Index: llvm/lib/Analysis/ValueTracking.cpp
===================================================================
--- llvm/lib/Analysis/ValueTracking.cpp
+++ llvm/lib/Analysis/ValueTracking.cpp
@@ -4077,13 +4077,35 @@
   llvm_unreachable("Unknown OverflowResult");
 }
 
-static ConstantRange constantRangeFromKnownBits(const KnownBits &Known) {
+/// Create a ConstantRange from KnownBits that avoids wrapping in the unsigned
+/// domain.
+static ConstantRange unsignedConstantRangeFromKnownBits(
+    const KnownBits &Known) {
   if (Known.isUnknown())
     return ConstantRange(Known.getBitWidth(), /* full */ true);
 
   return ConstantRange(Known.One, ~Known.Zero + 1);
 }
 
+/// Create a ConstantRange from KnownBits that avoids wrapping in the singed
+/// domain.
+static ConstantRange signedConstantRangeFromKnownBits(
+    const KnownBits &Known) {
+  if (Known.isUnknown())
+    return ConstantRange(Known.getBitWidth(), /* full */ true);
+
+  // If we know the sign bit, this is the same as for unsigned ranges.
+  if (Known.isNegative() || Known.isNonNegative())
+    return ConstantRange(Known.One, ~Known.Zero + 1);
+
+  // If we don't know the sign bit, pick the lower bound as a negative number
+  // and the upper bound as a non-negative one.

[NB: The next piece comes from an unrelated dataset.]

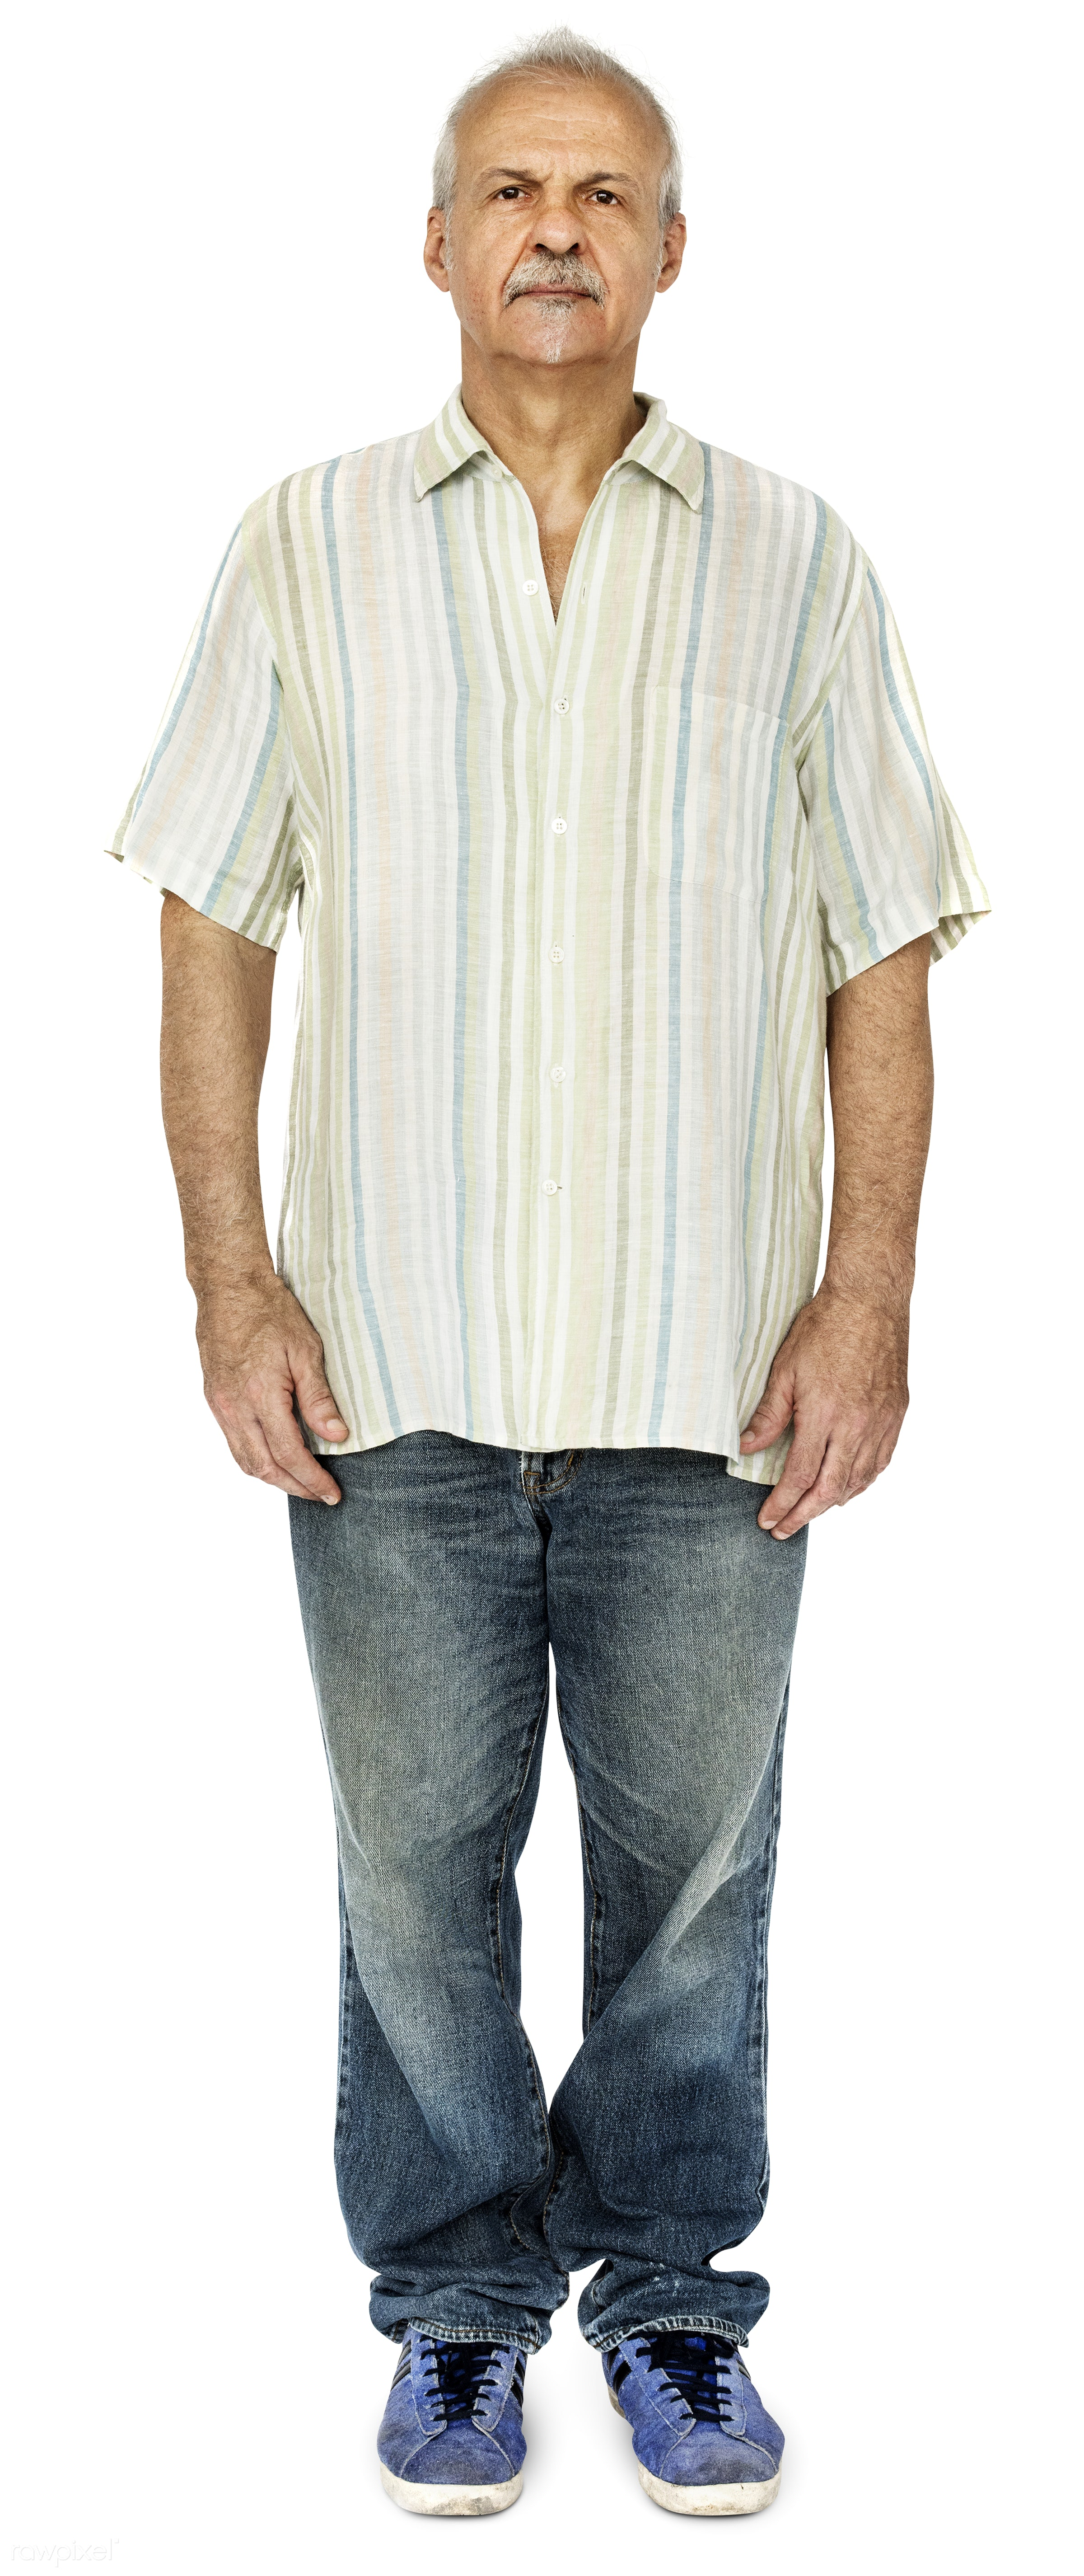 Portrait of a British elderly man - adult, alone, american, britain, british, caucasian, cheerful, closeup, elderly, emotion...

+  APInt Lower = Known.One, Upper = ~Known.Zero;
+  Lower.setSignBit();
+  Upper.clearSignBit();
+  return ConstantRange(Lower, Upper + 1);
+}
+
 OverflowResult llvm::computeOverflowForUnsignedAdd(
     const Value *LHS, const Value *RHS, const DataLayout &DL,
     AssumptionCache *AC, const Instruction *CxtI, const DominatorTree *DT,
@@ -4092,56 +4114,11 @@
                                         nullptr, UseInstrInfo);
   KnownBits RHSKnown = computeKnownBits(RHS, DL, /*Depth=*/0, AC, CxtI, DT,
                                         nullptr, UseInstrInfo);
-  ConstantRange LHSRange = constantRangeFromKnownBits(LHSKnown);
-  ConstantRange RHSRange = constantRangeFromKnownBits(RHSKnown);
+  ConstantRange LHSRange = unsignedConstantRangeFromKnownBits(LHSKnown);
+  ConstantRange RHSRange = unsignedConstantRangeFromKnownBits(RHSKnown);
   return mapOverflowResult(LHSRange.unsignedAddMayOverflow(RHSRange));
 }
 
-/// Return true if we can prove that adding the two values of the
-/// knownbits will not overflow.
-/// Otherwise return false.
-static bool checkRippleForSignedAdd(const KnownBits &LHSKnown,
-                                    const KnownBits &RHSKnown) {
-  // Addition of two 2's complement numbers having opposite signs will never
-  // overflow.
-  if ((LHSKnown.isNegative() && RHSKnown.isNonNegative()) ||
-      (LHSKnown.isNonNegative() && RHSKnown.isNegative()))
-    return true;
-
-  // If either of the values is known to be non-negative, adding them can only
-  // overflow if the second is also non-negative, so we can assume that.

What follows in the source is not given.